You've probably tried Google Ads. Maybe you boosted a post. Maybe you set a $20/day budget, picked a few keywords, and hit launch. A week later, you had a lighter wallet and a handful of clicks that went nowhere.
Or maybe you hired someone. They sent you a monthly report full of numbers (CTR, CPC, impressions) and you stared at it, nodded, and closed the PDF. You didn't feel more informed. You felt busier.
Here's the thing: Google Ads can work when it is connected to the right page, tracking, and follow-up process. What does not work is turning it on and hoping for the best.
The #1 mistake: sending ad traffic to your homepage
When someone clicks your ad, they arrive with a specific intent, usually a narrow one. They searched for "emergency plumber near me" or "teeth whitening in Coral Gables." They don't want to browse your history, read your mission statement, or look at team photos. They want to solve their problem.
If your ad sends them to your homepage, you're asking them to do the work of figuring out what to do next. Most won't. They'll hit the back button and try a competitor.
A dedicated landing page that matches the ad, shows the phone number clearly, and has one clear action gives paid traffic a better chance to become a real inquiry.
Smart budget management beats bigger budgets
Many owners assume the answer is to spend more. Often the better first move is to spend with more control: track the right actions, review what is producing inquiries, and stop treating the budget as a fixed autopilot setting.
What "actively managed" means in practice:
- Pausing keywords that spend without converting
- Increasing bids on keywords that consistently bring calls
- Adding negative keywords so you stop paying for irrelevant searches
- Testing new ad copy variants and keeping the winners
- Adjusting bids by day of week and time of day when real lead patterns support it
This does not require the owner to live in the ad account. It requires a system for tracking what happened and reviewing budget decisions against real lead data.
Ad extensions do half the work
Many service-business ads are just a headline and two lines of text. Stronger ads often use the business details a searcher needs immediately:
- Phone number with click-to-call (so mobile users tap once to dial)
- Business location with directions
- Hours (including "Open now")
- Services listed as clickable sublinks
- Star ratings pulled from Google Business Profile reviews
- Callout lines for free estimates, emergency service, etc.
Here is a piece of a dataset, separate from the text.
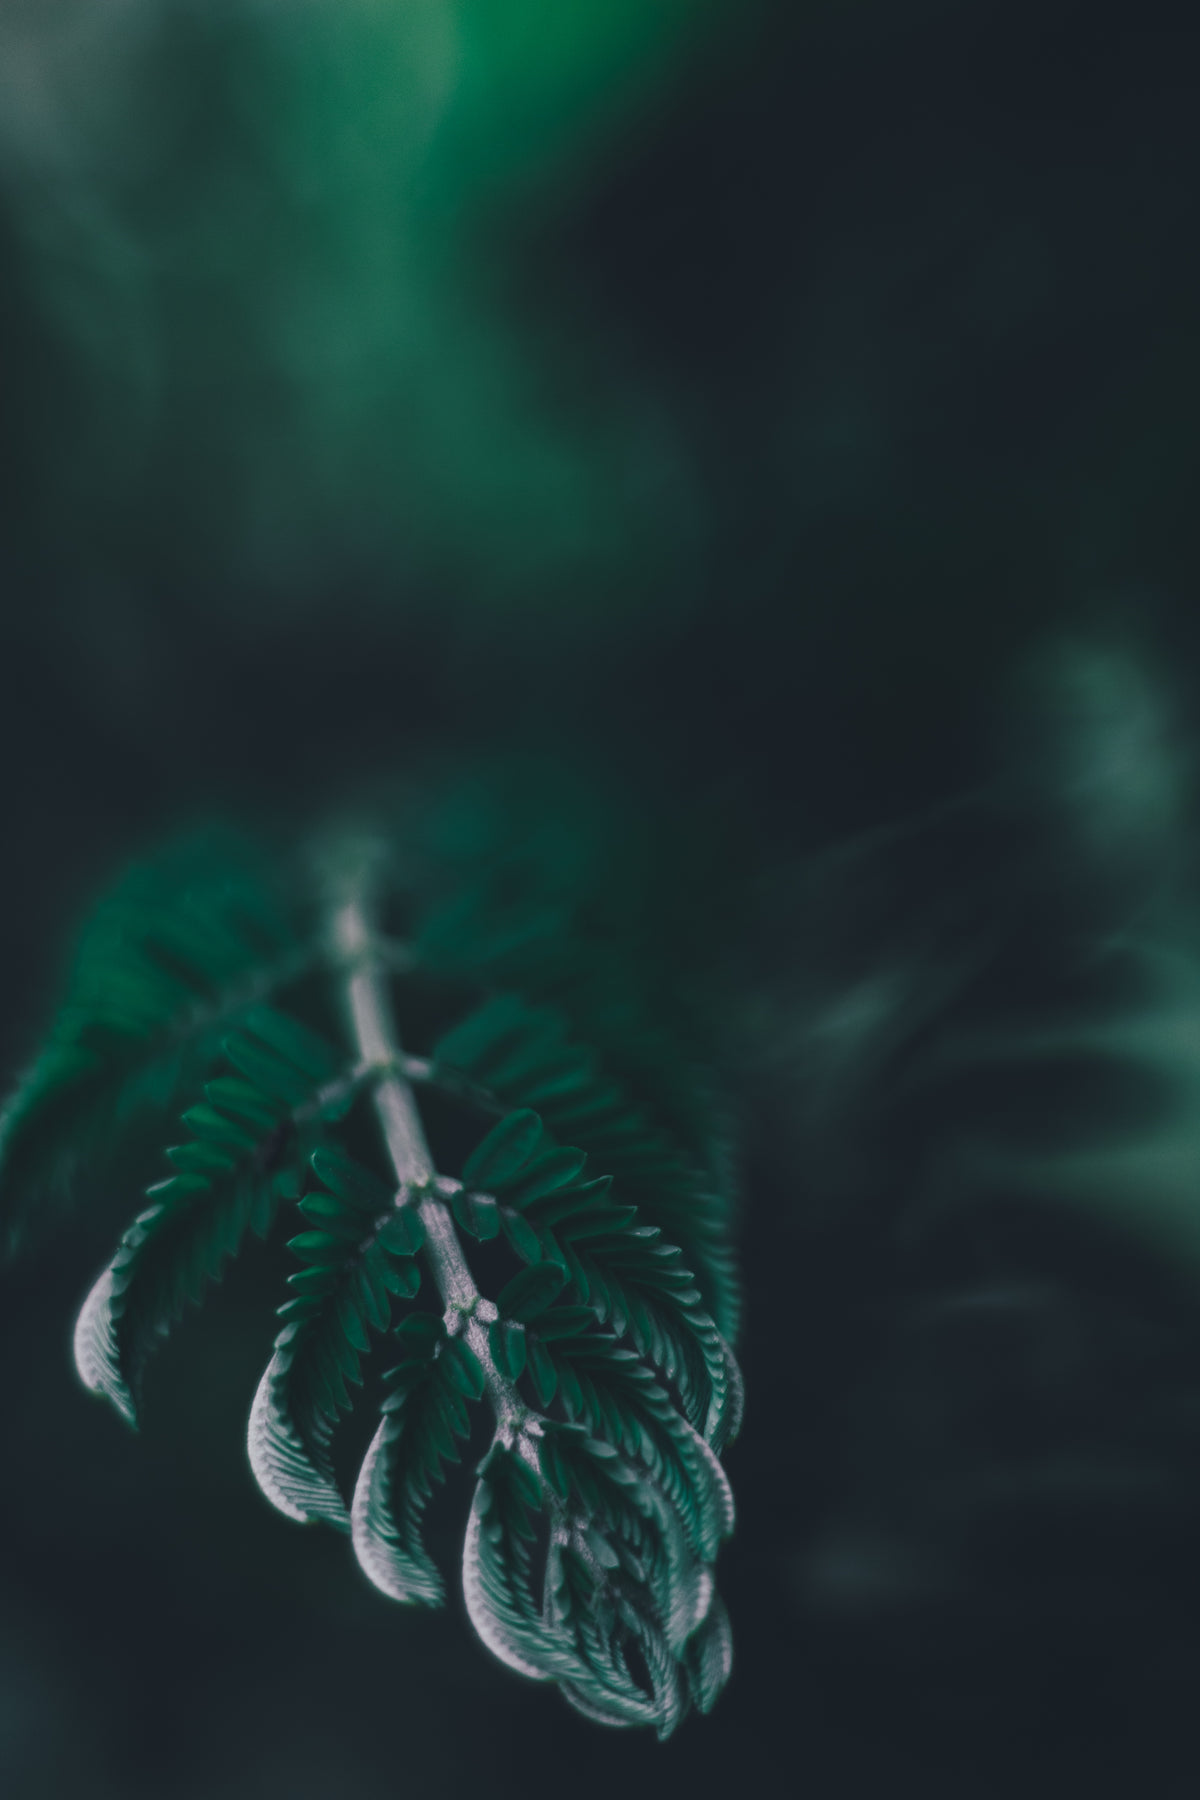 close up of fern leaf under shadows

These extensions don't cost extra. They just take configuration. They can make the ad more useful, more visible, and easier to act on. If your ad is just a headline and a link, the searcher may not get enough information to call.
Track what matters, not what looks impressive
Agencies love reporting on impressions, CTR, and quality score. These are inputs, not outputs. They don't tell you if your ads are making you money.
The numbers that actually matter:
- How many leads came in (calls + form submissions)
- How many of those became real customers
- What you paid per lead
- What you paid per customer
If you know those four numbers, you know whether your ads are working. If you don't, you're guessing. Anything the agency reports on top of that is just noise.
“You don't need to know your CTR went up 0.3%. You need to know if your money is working.”
What to do this week
If you're running Google Ads right now, three quick checks:
- Look at where your ads are sending people. Is it your homepage? Change that.
- Pull up your search terms report. Are there searches you're paying for that have nothing to do with your business? Add them as negative keywords.
- Look at your ad extensions. Do you have phone, location, hours, reviews, and sublinks all set up? If not, add them today.
If you're not running ads yet, the hardest part is starting with the right pieces in place. You can do it yourself, hire someone, or use a platform that handles the setup. The important part is connecting the ad, page, tracking, and follow-up from the beginning.